→ **Assignment**
Transcribe the listing exactly as written. Leave the images out.

→ **Dataset excerpt**

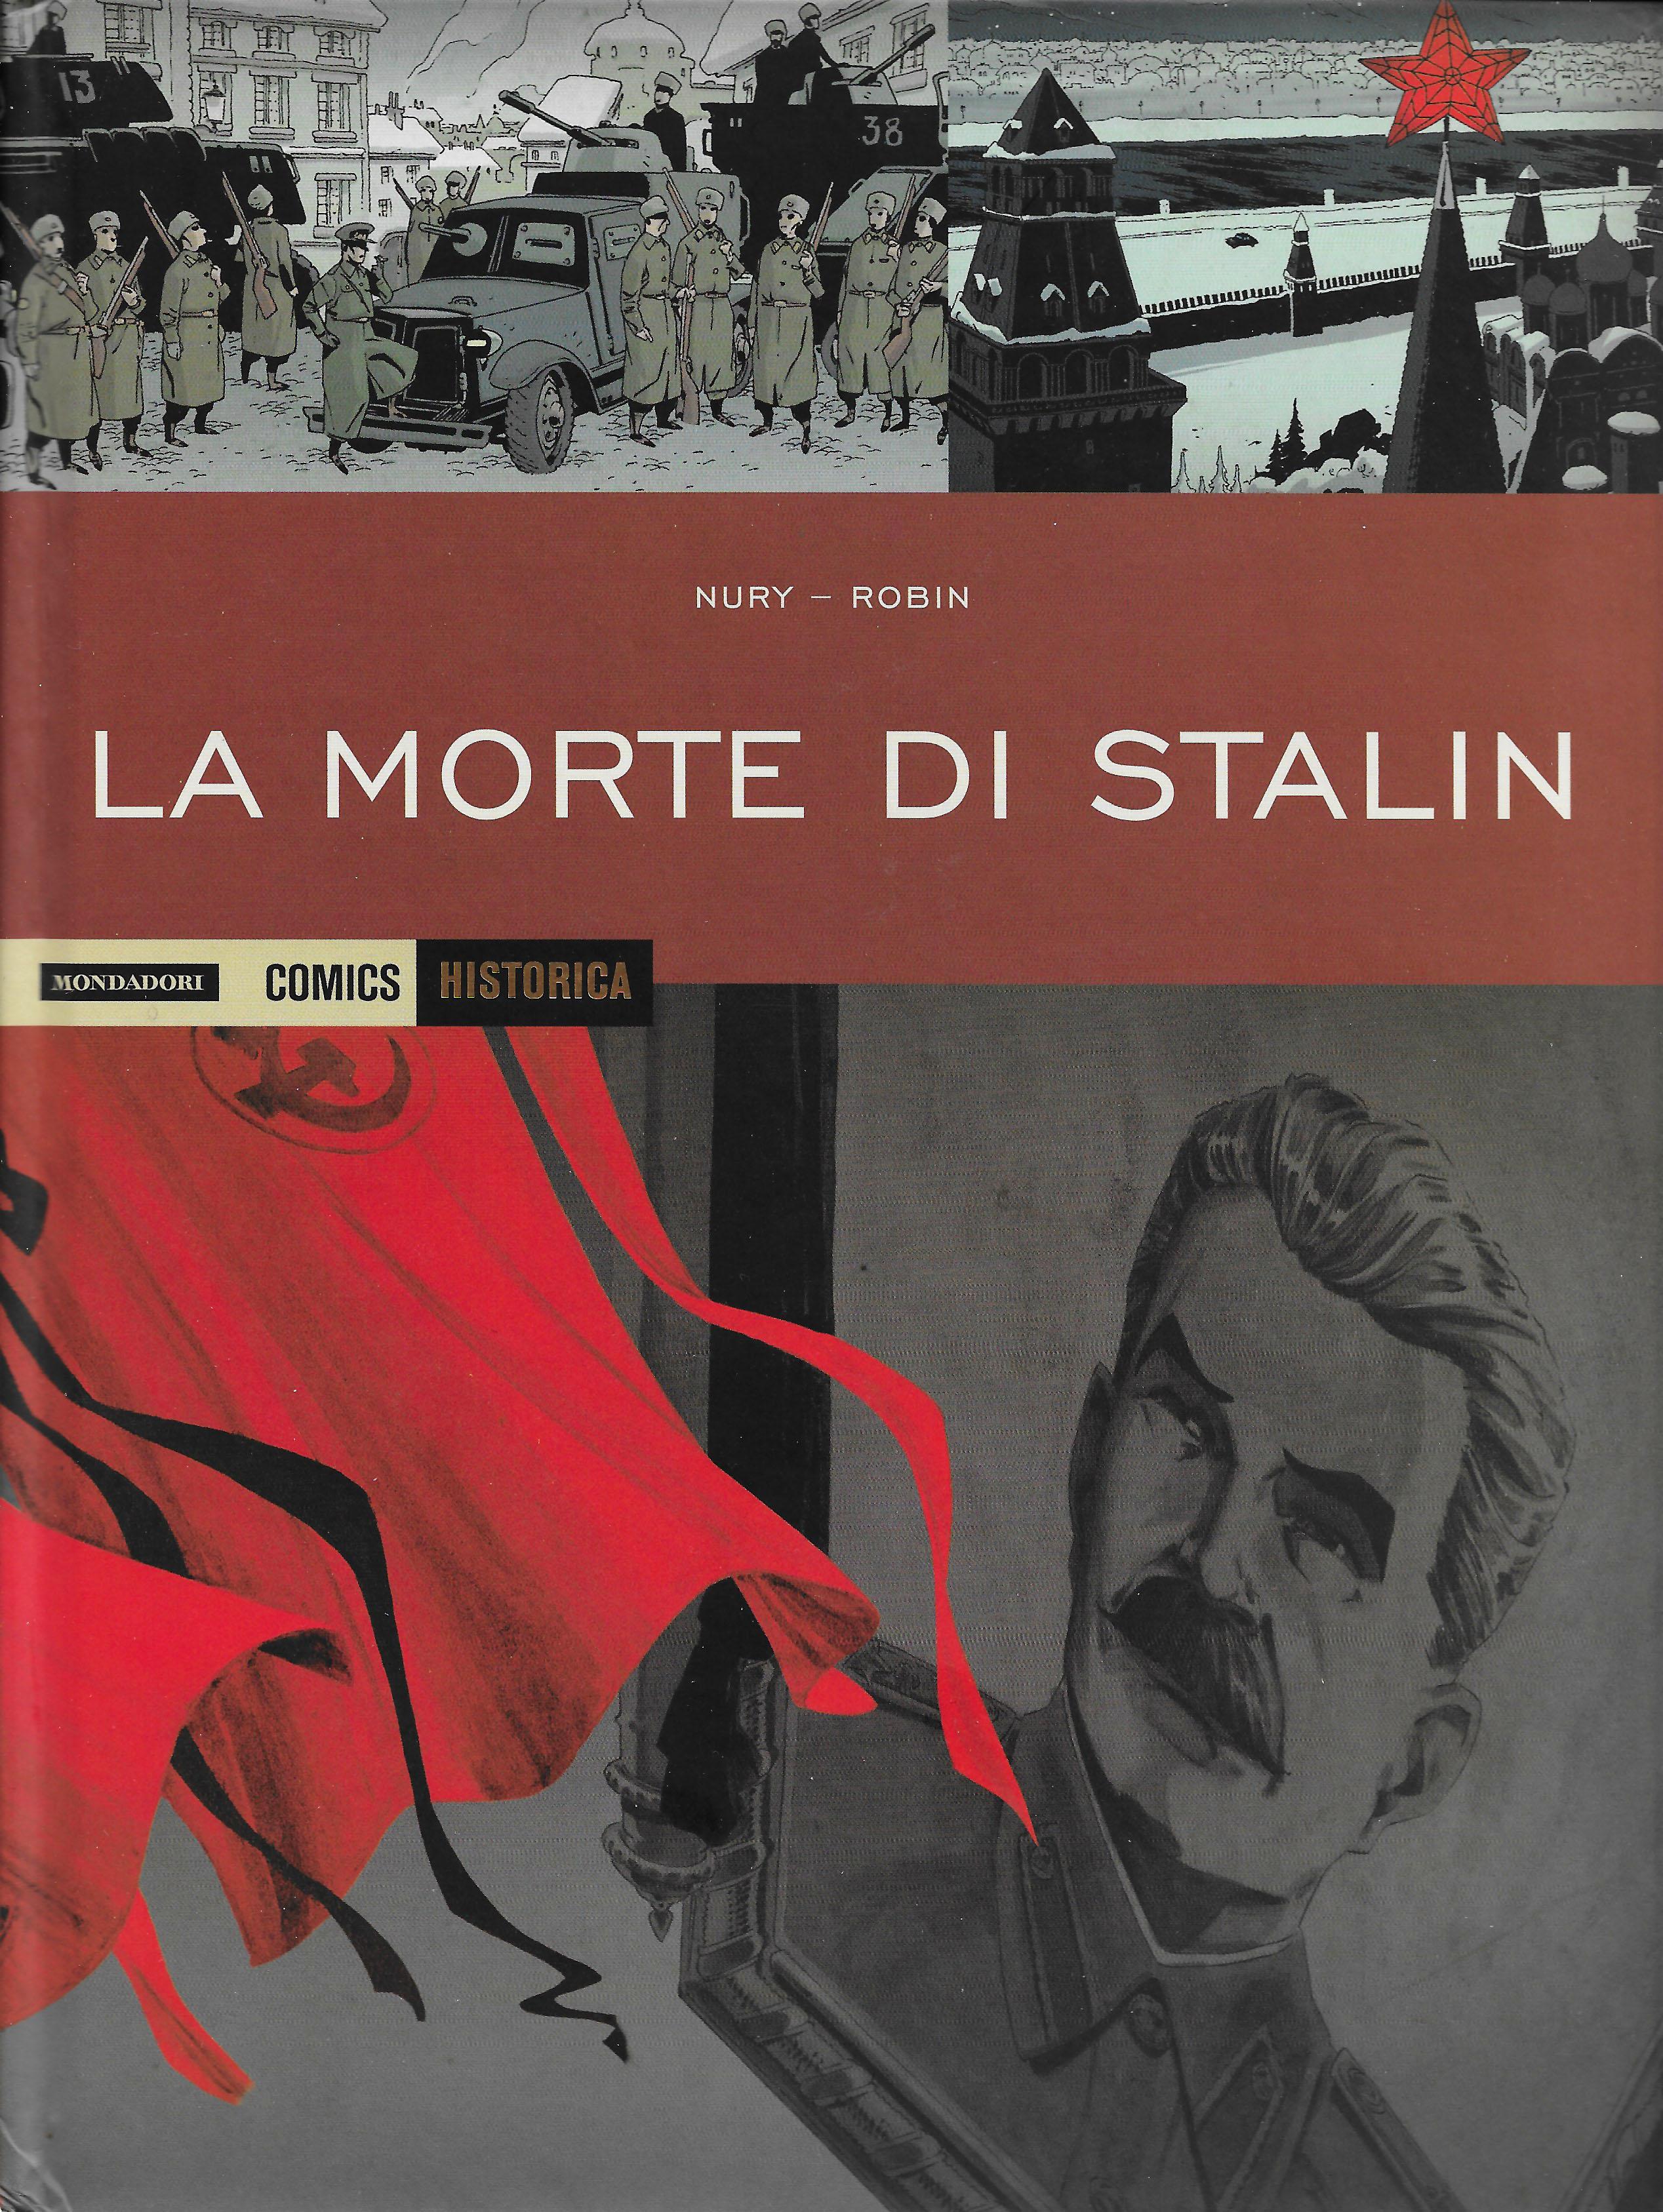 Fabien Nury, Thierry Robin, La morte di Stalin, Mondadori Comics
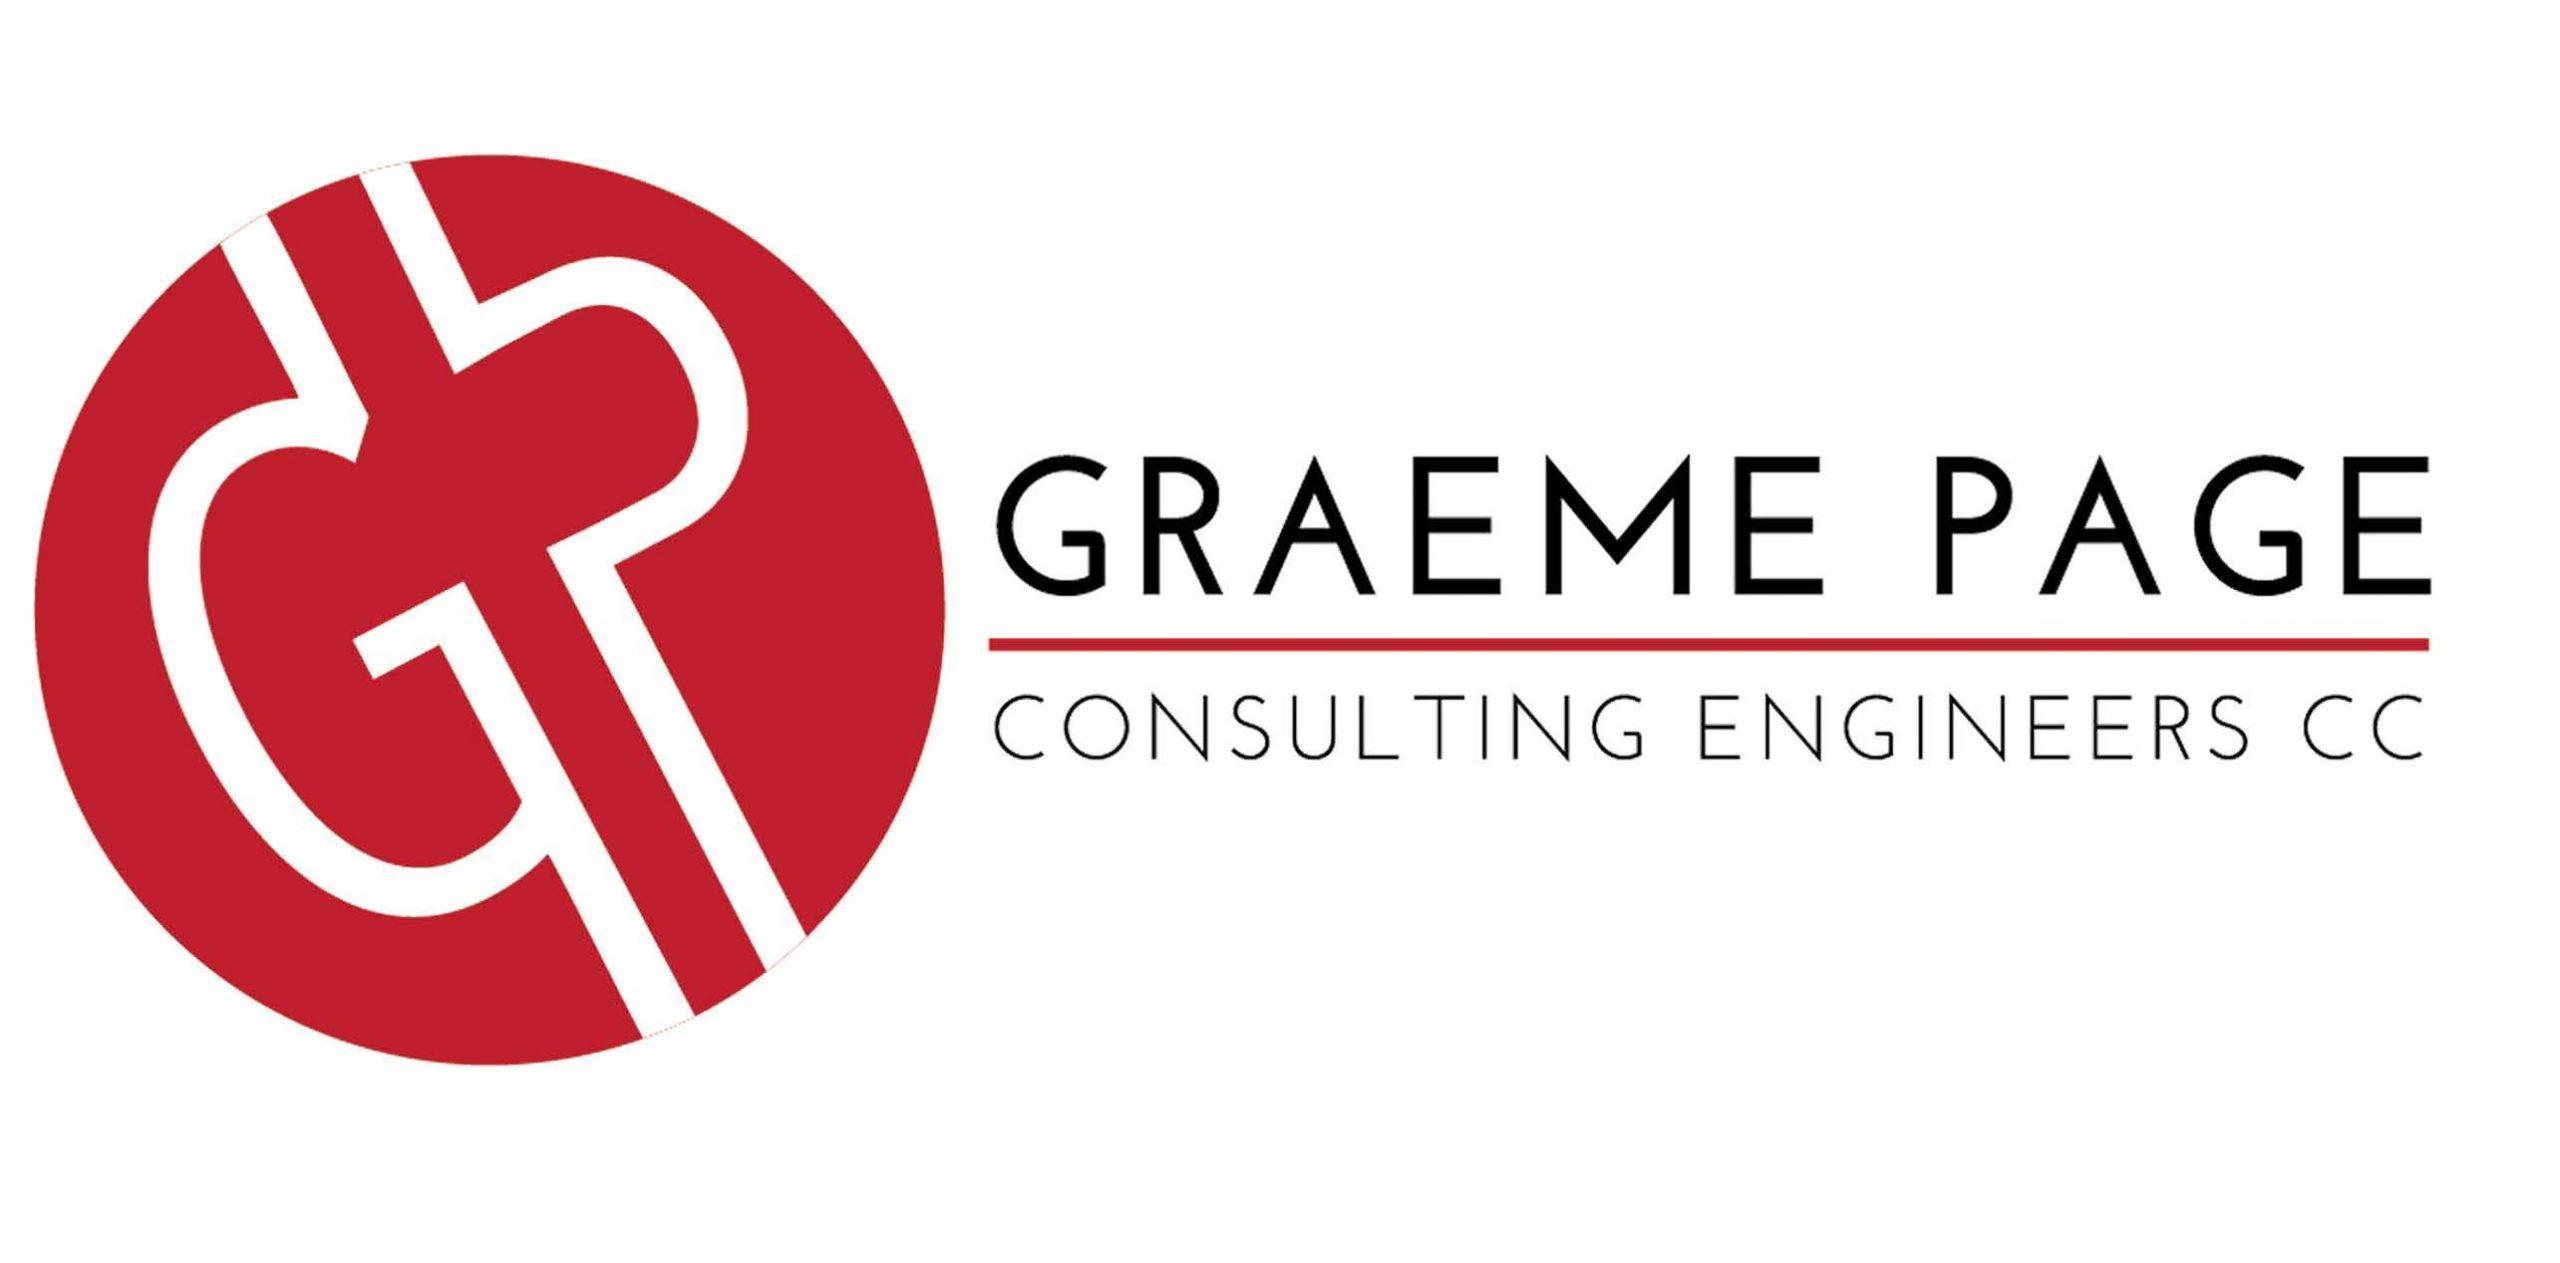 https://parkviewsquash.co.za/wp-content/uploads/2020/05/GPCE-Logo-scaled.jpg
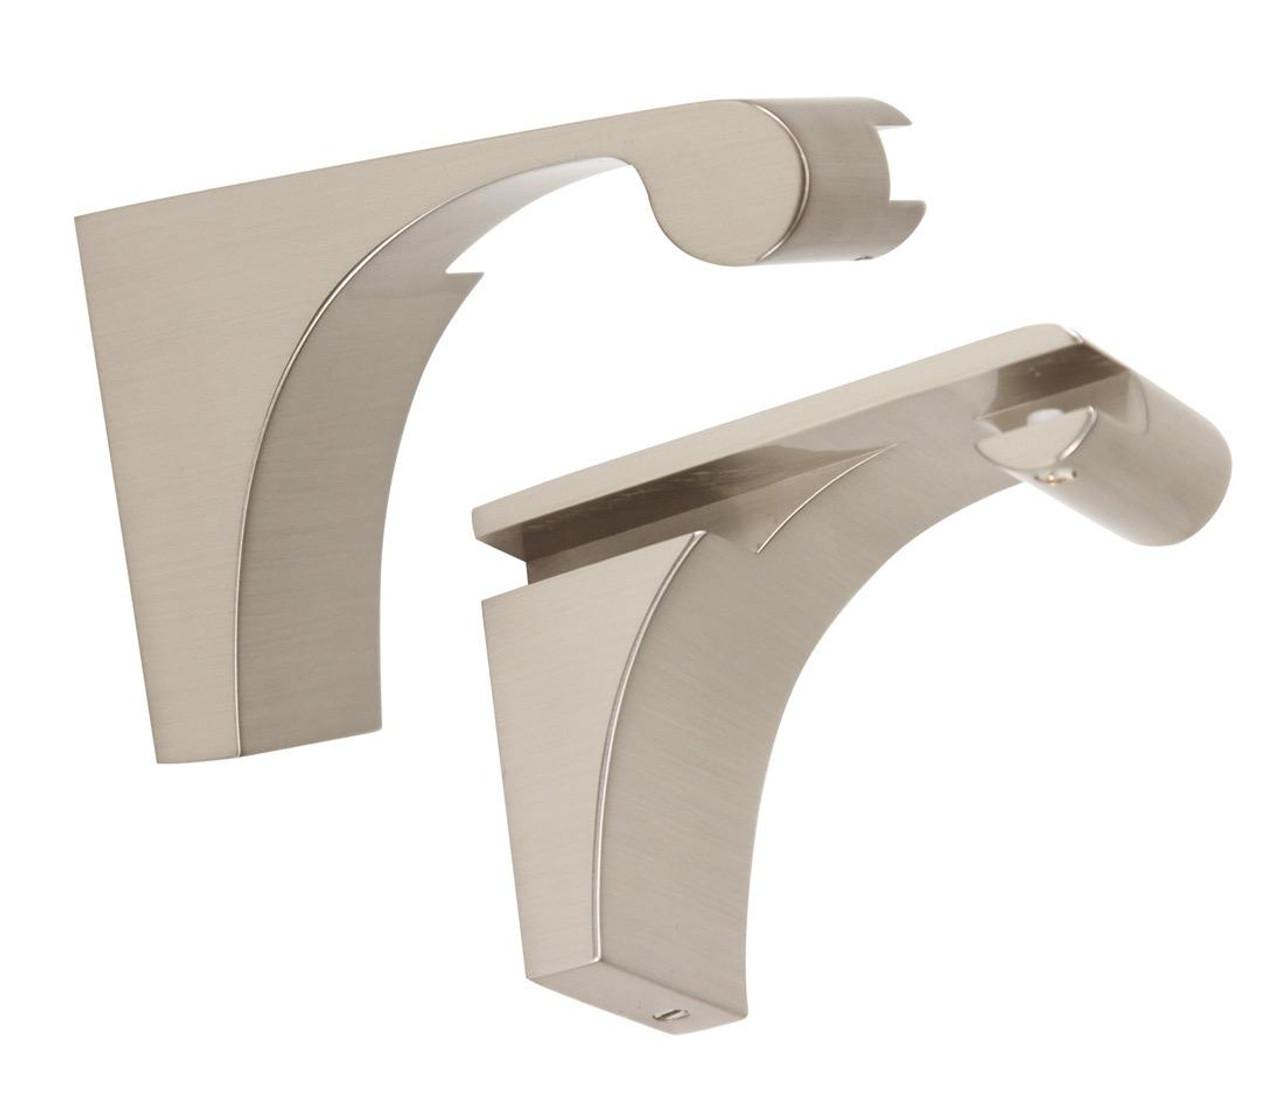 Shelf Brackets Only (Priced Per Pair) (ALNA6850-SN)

→ **Solution to this exercise**
 Fabien Nury, Thierry Robin, La morte di Stalin, Mondadori Comics
 https://parkviewsquash.co.za/wp-content/uploads/2020/05/GPCE-Logo-scaled.jpg
 Shelf Brackets Only (Priced Per Pair) (ALNA6850-SN)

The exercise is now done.